- Born: John Richard Burgess 4 June 1943 (age 83) Sydney, New South Wales, Australia
- Other names: Burgo Baby John Burgess (nicknames)
- Occupations: Radio host, television host
- Years active: 1963−present
- Known for: Radio programming 2UW); Breakfast (3AK); Breakfast (3MP); Breakfast (6PM; Breakfast (2CH); Breakfast (3MP); Television programs Wheel of Fortune (Seven Network); Burgo's Catch Phrase (Nine Network); Pass the Buck (Nine Network);

= John Burgess (host) =

Australian radio and television personality (born 1943)

John Richard Burgess (born 4 June 1943) is an Australian radio and television personality and host. He is often referred to as "Burgo" and sometimes "Baby John Burgess" or "Baby John", nicknames deriving from his radio days when he was the youngest presenter at the station. He has worked in the industry since 1963. He is best known for his long-term hosting of the Australian version of game show Wheel of Fortune and as a breakfast radio host.

==Radio and television presenting==
Burgess has hosted numerous radio shows over the years. He started in the industry through a chance meeting with John Laws, and joined his network radio station 2GB.

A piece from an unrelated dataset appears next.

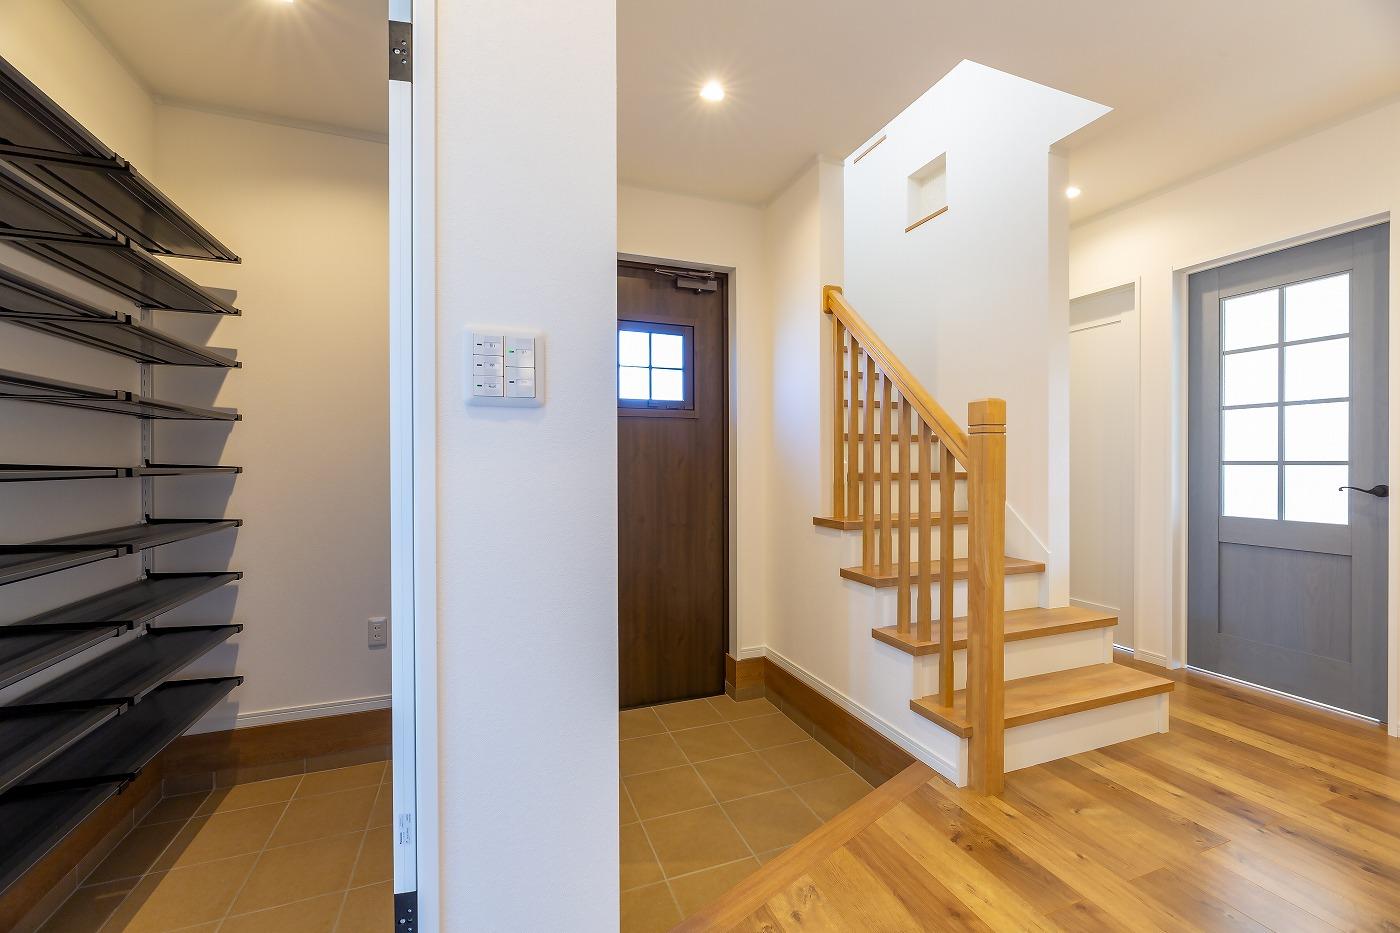 高松市の新築注文住宅の北欧風玄関

John Burgess Radio timeline
| 2UW | 1967–1970 |
| 3AK | 1970–1974 |
| 2UW | 1974–1976 |
| 3MP | 1976–1978 |
| 6PM | 1978–1988 |
| 2CH | 1997–2004 |
| 3MP | 2006–2009 |
| 6IX | 2011–2015 2017–2023 |

On 25 September 2006, he started as breakfast show announcer for the easy listening radio station 3MP in Melbourne.

On 12 December 2011, he took over from Johnny Young at 6IX in Perth, departing the station in December 2015. Burgess returned to 6IX in a new timeslot on 22 April 2017.

Burgess moved into television in the 1970s, when hosting the teenage music show "Turning On" on the Seven Network station HSV7. The series feature many popular music artists and bands including Zoot and Gilian Fitzgerald, one of the main dancers, and featured Judy Moody and Christine Kelson.

Burgess took over from Ernie Sigley, the original host of Wheel of Fortune on the Seven Network, taking over in 1984 and remaining until 1996. He then hosted game show Catch Phrase on the Nine Network; it was eventually renamed Burgo's Catch Phrase.

He also hosted the game show Pass the Buck in 2002, also on Nine Network and hosted some Oz Lotto draws from 1994 to 1995 on Channel 7 every Tuesday.

John Burgess joined the cast of the reality comedy series Balls of Steel Australia on The Comedy Channel in 2012.

==Health concerns==
In February 2022, Burgess was admitted to the ICU at Royal Perth Hospital, having acquired a bacterial infection which caused sepsis. Since being treated for sepsis, Burgess has become an advocate for recognizing symptoms early. He has spoken about his experience as a survivor and continues to struggle with post-sepsis syndrome, including fatigue and weakness.